As I wrote in an earlier post, sneakiarchy is one of the most insidious destructive forces in polyamorous relationship systems. Sneakiarchy (alternative spelling: sneakyarchy) is basically a portmanteau of sneaky and hierarchy. And that’s exactly what it is, sneaky hierarchy. Sneakiarchy is hierarchy that isn’t presented honestly but is secret, sneakily implemented, and not expressed or acknowledged.
In fact, the sneakiarchy is instead usually explicitly denied.
The person who engages in sneakiarchy says to their partners, “I don’t believe in hierarchy. I treat all of my partners equally.” And yet, if an unbiased third party were to survey the situation, it would become clear that some partners are definitely consistently prioritized over others. There’s at least descriptive hierarchy going on (and possibly even a prescriptive one, depending on the particular case).

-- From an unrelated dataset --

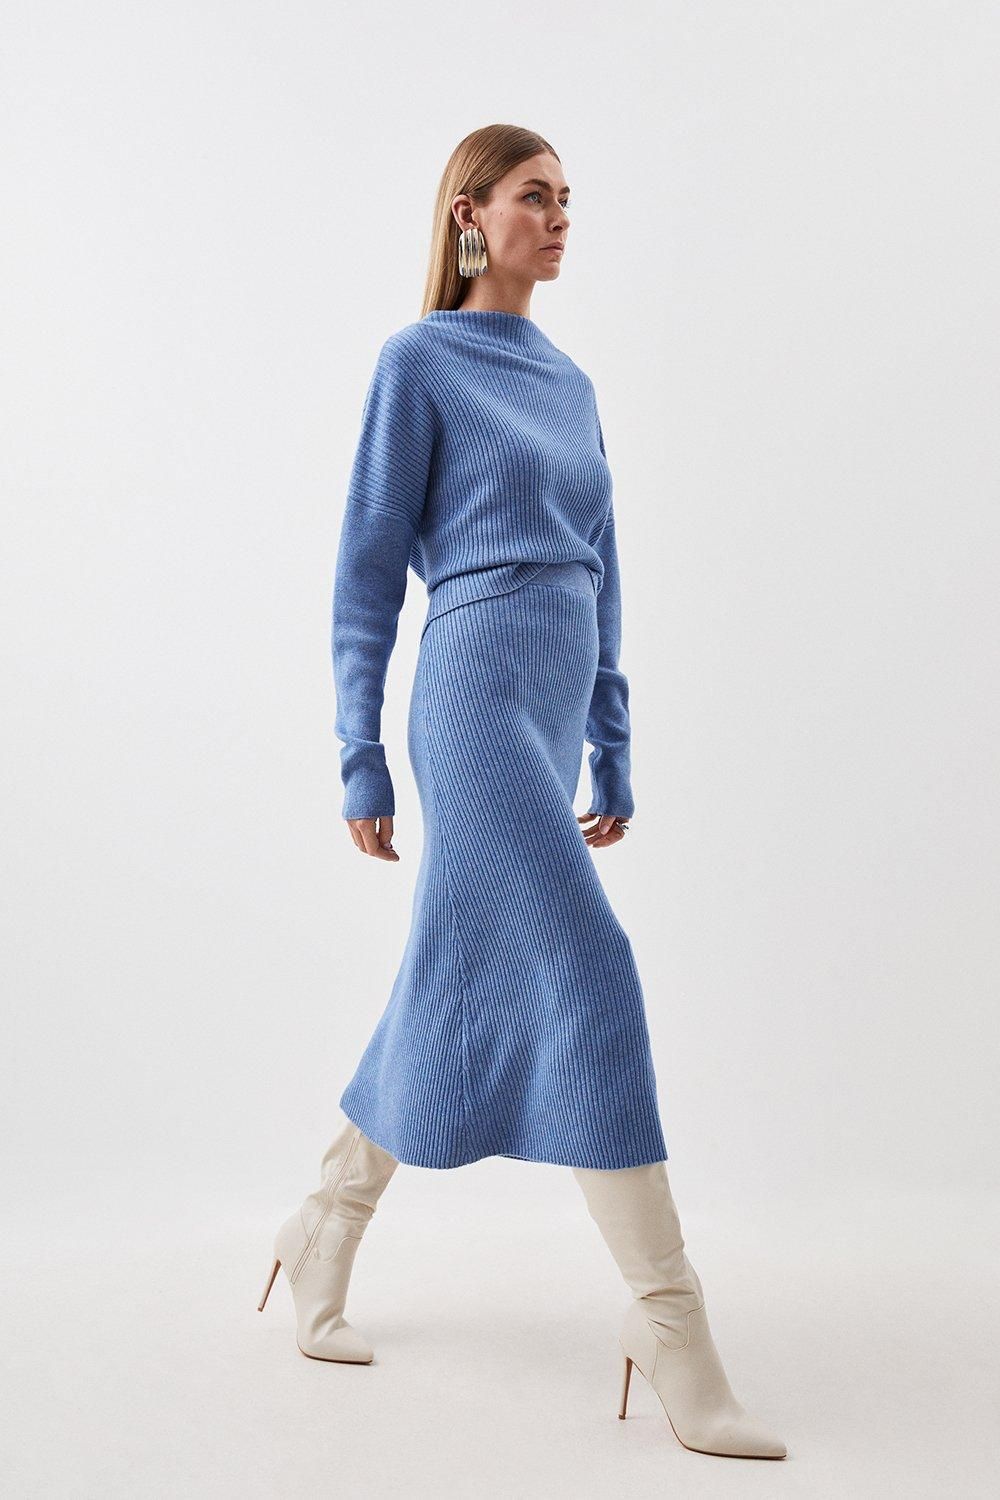 Cashmere Wool Knit Skirt | Karen Millen UK + IE + DE + NL

Sneakiarchy can be particularly emotionally damaging. The dishonesty involved can easily erode the trust to a point where the relationship completely fails. And being continually told one thing but being shown another can exacerbate a person’s underlying insecurities to the point where they constantly doubt themselves and are suspended in a state of limbo and emotional anguish.
But it happens. And in keeping with the covert nature of sneakiarchy itself, it happens more than most in the broader polyamorous community would like to admit. Pretty much anyone who is polyamorous and actively dates for any length of time will encounter it at least once (and likely multiple times).
This begs the question: Why?
Multiple Roles Are a Reality Within Even Theoretically Egalitarian Polyamorous Relationship Systems
Here’s the thing: Even in the most egalitarian polyamorous relationship system, relationships that have gone on for any length of time will involve multiple roles.
“Page, what the heck does that mean?” you might be asking. And that’s a fair question. Let’s give an example: Okay, so let’s say you have a couple of longer-term relationships — one that’s lasted 20 years and another that has lasted 8 years. Both of these partners live with you. You own a business with your 20-year partner and have a child with your 8-year partner.
You’ve also gone on to date someone new that you’re very excited about. Brand New Partner doesn’t live with you. You’ve been on three very good dates with them and are very excited about how well you’re clicking.
Even if you consider all romantic relationships to be completely equal — regardless of length — you still have multiple roles with your preexisting partners. Your 20-year partner isn’t just your romantic partner; they’re your business partner. And you co-parent with 8-year partner. Additionally, let’s say you’re financially enmeshed with both of them — so you’re also financial partners with 20-year partner and 8-year partner. You might share vehicles with them. And you certainly all have to balance living together, home maintenance, and chores. That’s another set of roles — you’re roommates.
Conversely, your connection to your newest partner is a great deal less complicated — because you have a single role with them at the moment.
In Real Life Scenarios, Multiple Roles Can Create Structural Priority
Because of the other roles you have with your other two partners, you might find that you have to prioritize them differently in certain decisions you make. Yes, even if you’re a staunch relationship egalitarian — real life has to account for childcare, chores, etc.
This creates an inherent inequality in certain polyamorous relationship systems. In essence, what you have here is a form of descriptive hierarchy. If a hierarchy is descriptive, terms like “primary” and “secondary” are used to describe the current level of entanglement of a relationship. Descriptive hierarchy makes no claims about what is possible in the future (that’s a different kind, called prescriptive hierarchy)– it simply describes what is. Just because one of your partners is currently your descriptive primary, it doesn’t necessarily mean that you are closed to additional new primary relationships. Plenty of people have relationship systems where they actually have more than one primary partner, a state called “co-primacy.” (I personally know several folks with this setup.)
Not Being Able to Talk Honestly About Incidental Inequality Creates Sneakiarchy
Anyway, a ton of long-term polyamorous relationship systems have inequalities inherent in them — typically as a result of multiple roles.
Yes, this can happen incidentally. Yes, even to egalitarian polyamorists.
It happens. Unfortunately, if you can’t acknowledge these multiple roles and the potential impact they might have — regardless of how you philosophically feel about relationships and how they should IDEALLY be — the reality of the situation will sneak up on you. And also on anybody you love that you don’t inform properly.
Under these conditions, it becomes very easy — practically inevitable — to end up with sneakiarchy.